O Rei da Chama Sagrada de Guerra dos Tronos A cenoura foi colocada na balança. 2537 palavras 2026-01-30 08:14:11

Marguerite sabia, é claro, que o “Paxtor” mencionado por sua avó era o Senhor da Ilha das Sombras, o Conde Paxtor Redwyn. Esse homem estava, naquele momento, comandando a frota da Ilha das Sombras para bloquear Ponta Tempestade pelo mar.

Agora ela não tinha mais dúvidas e, compreendendo, disse: “Então é por isso que o ‘Cavaleiro da Cebola’, Davos, conseguiu fazer seu navio de contrabando entrar no porto de Ponta Tempestade. O Conde Paxtor fez isso de propósito...”
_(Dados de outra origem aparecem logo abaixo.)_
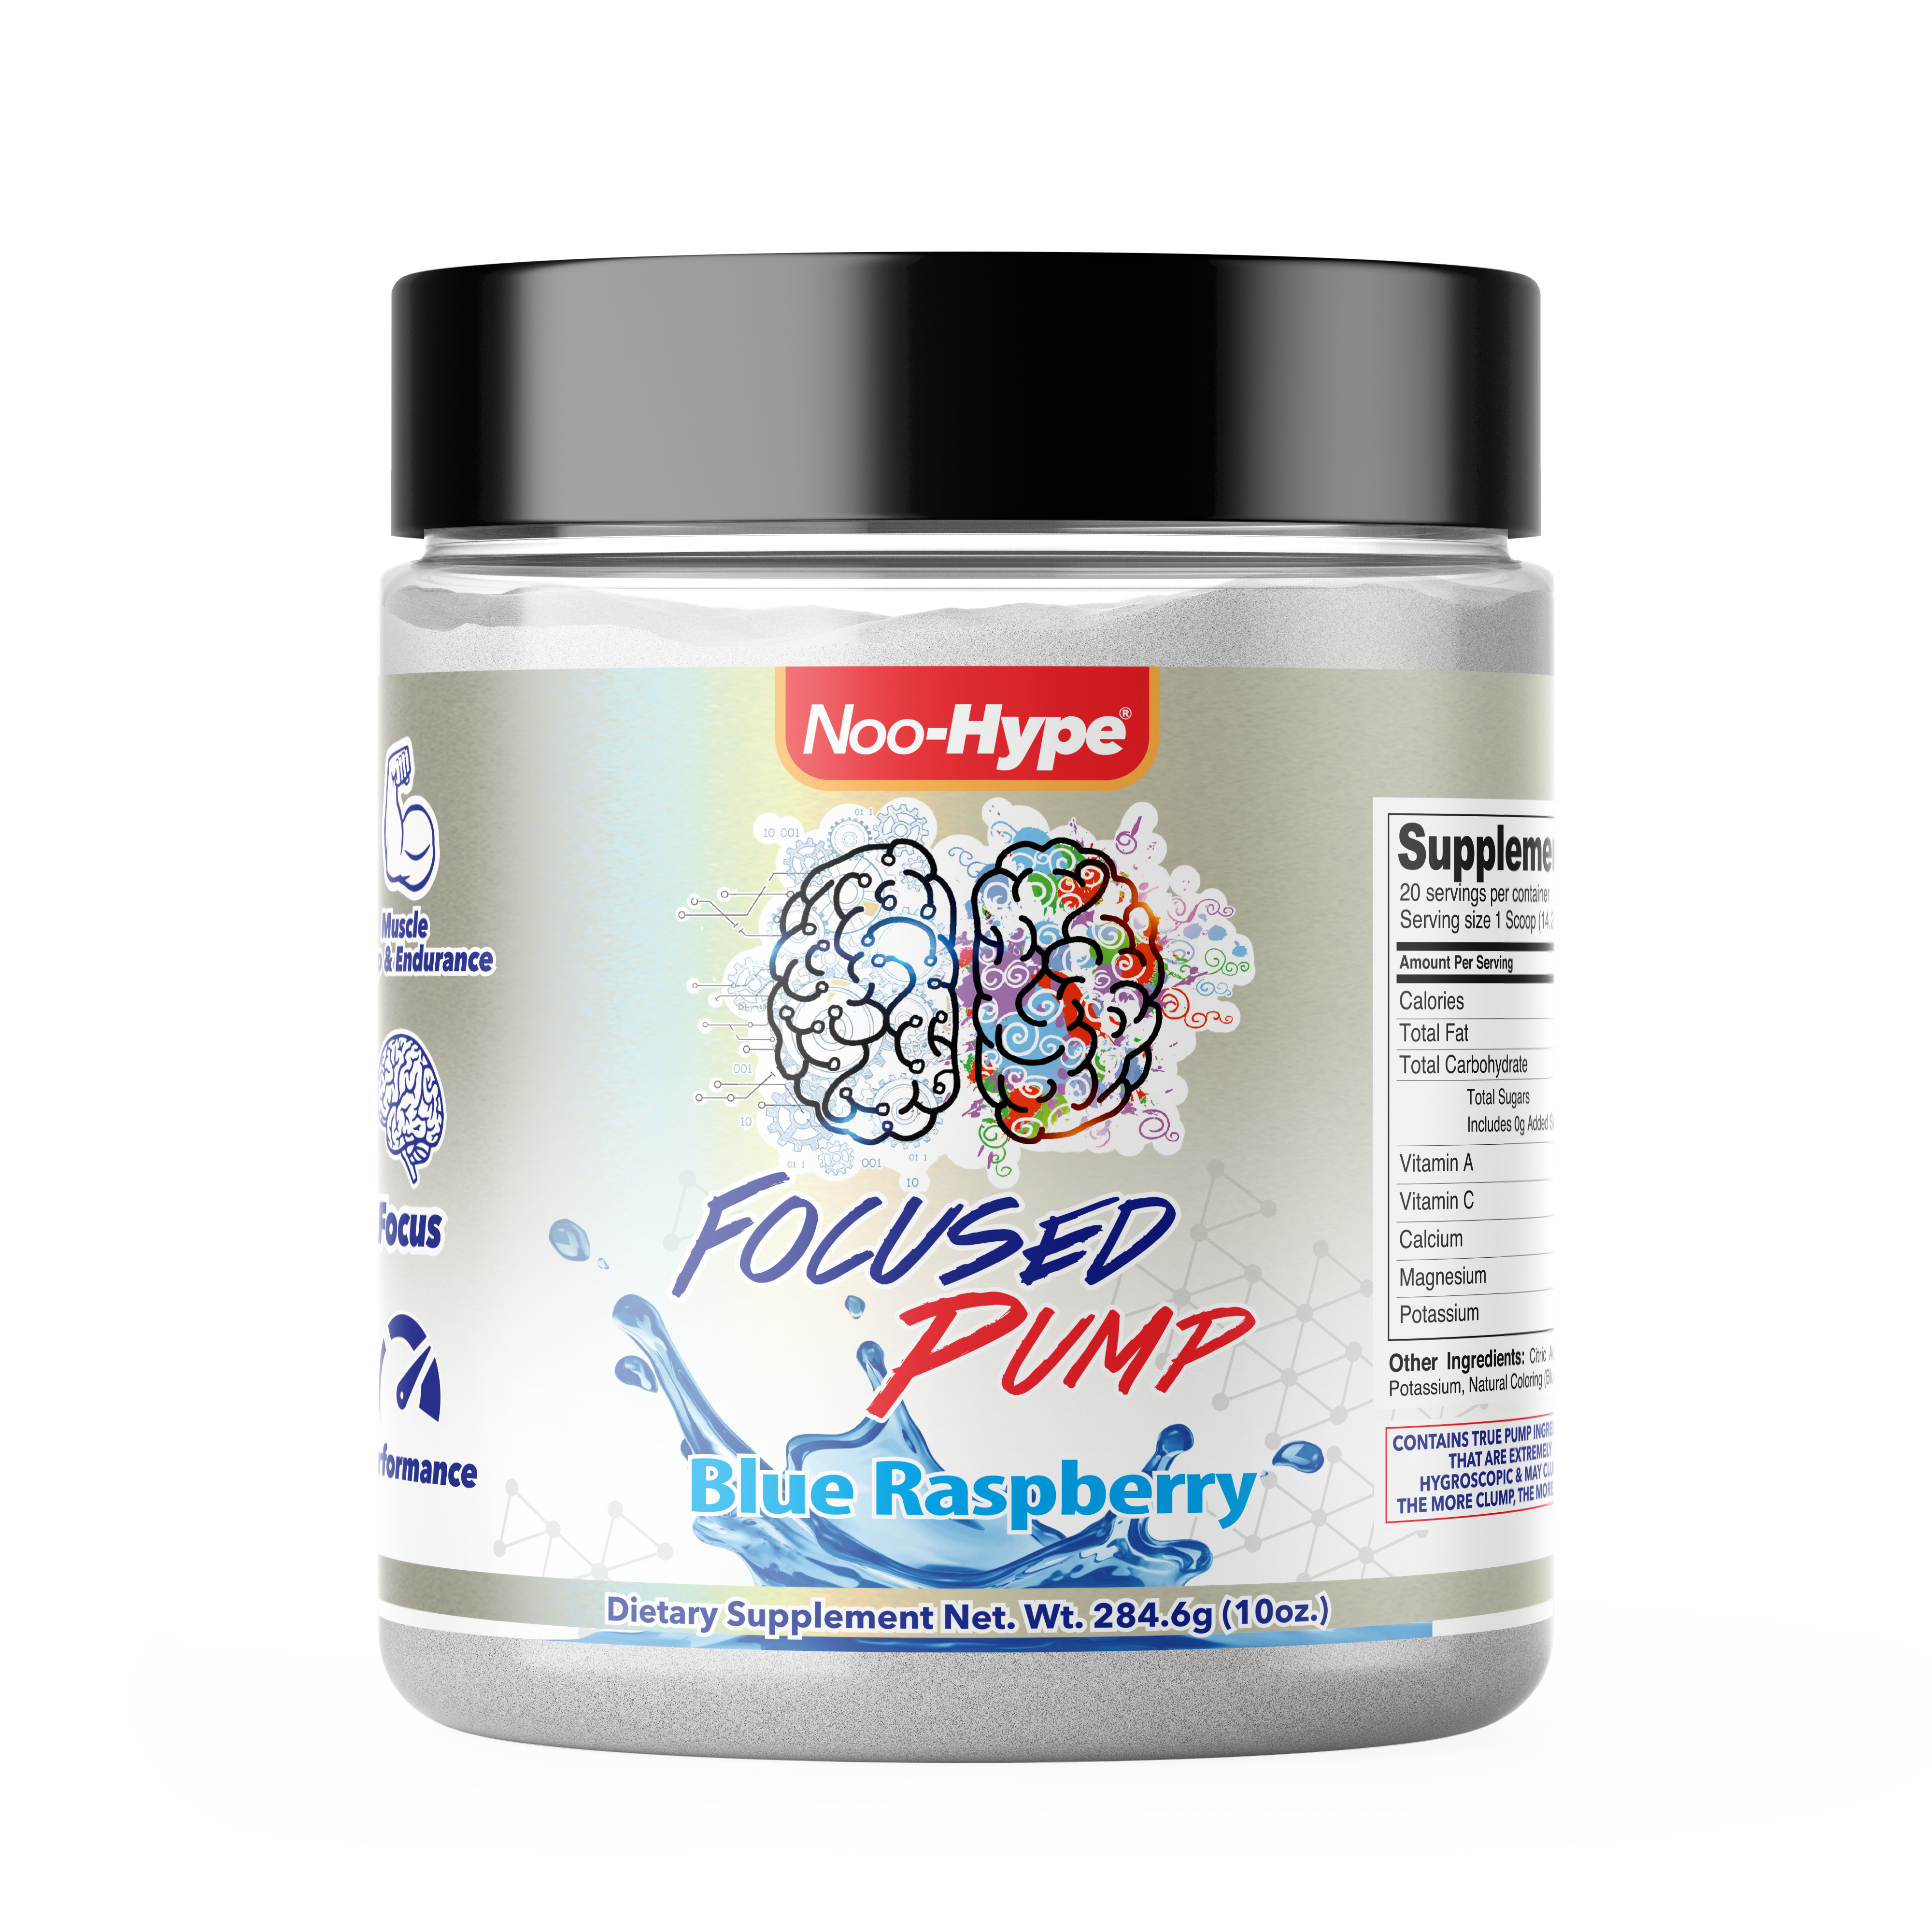 Noo-HYPE Focused Pump, 20 serving Blue Raspberry flavor, Non Stimulant nootropic pre workout powder
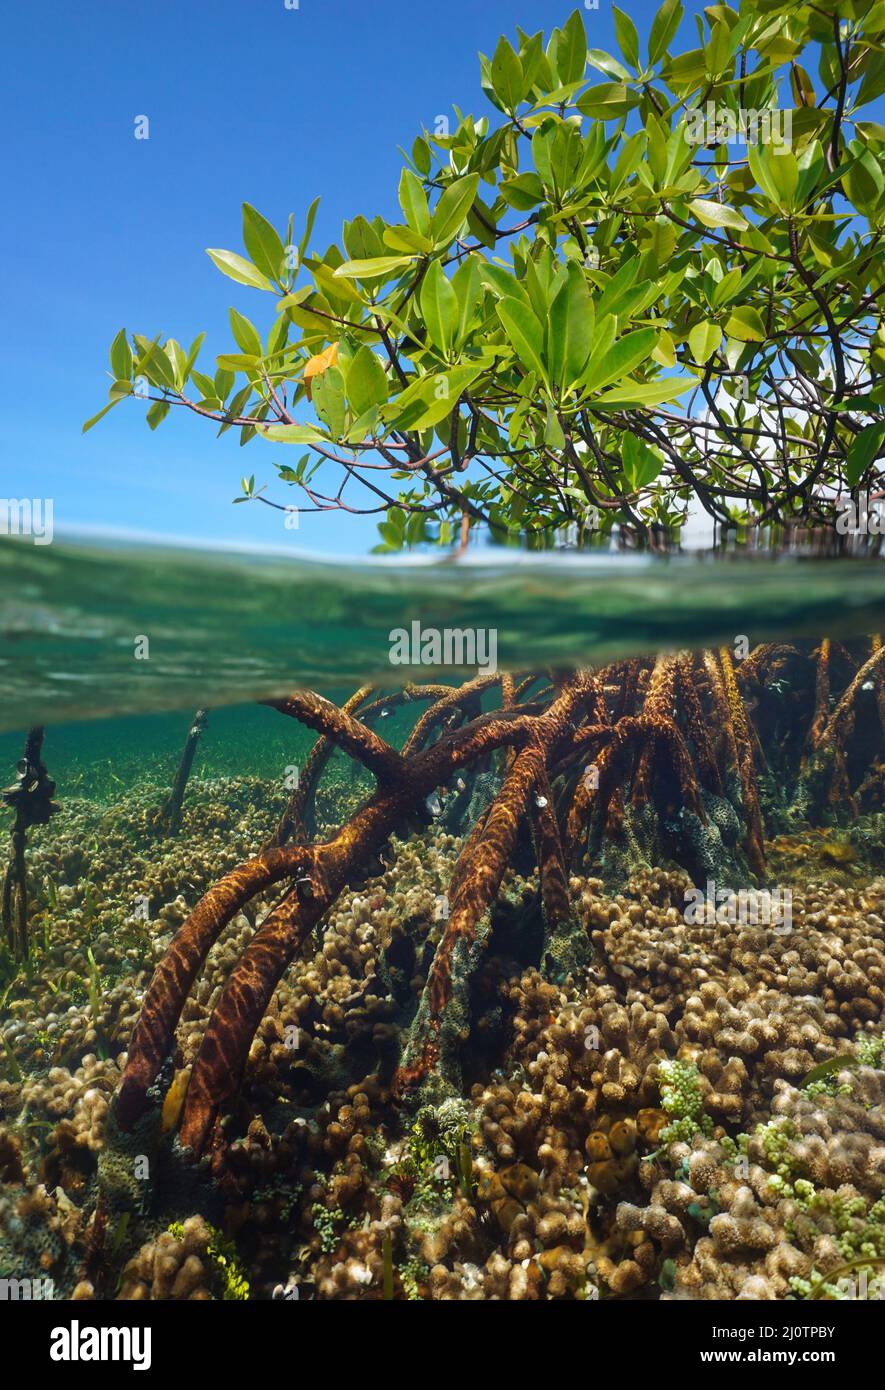 Mangrovenbaum im Meer, Laub und Wurzeln Split Level Blick über und unter Wasser Oberfläche in der Karibik ( rote Mangrove Rhizophora Mangle ) Stockfoto

“Exatamente.” Senhora Olena confirmou a suposição da neta e continuou: “Naquela época, quando Ponta Tempestade resistia ao cerco por tanto tempo, Randyll Tarly aconselhou seu pai a deixar um pequeno exército mantendo o cerco e levar o grosso das forças do Domínio para o norte, unindo-se ao exército real para enfrentar juntos os rebeldes.

Mas o tolo do ‘Grande Peixe Inflado’ ou confiava demais no exército real, ou não queria que suas próprias tropas enfrentassem os rebeldes de frente, pois nunca aceitou marchar para o norte, preferindo continuar obcecado com aquele maldito castelo.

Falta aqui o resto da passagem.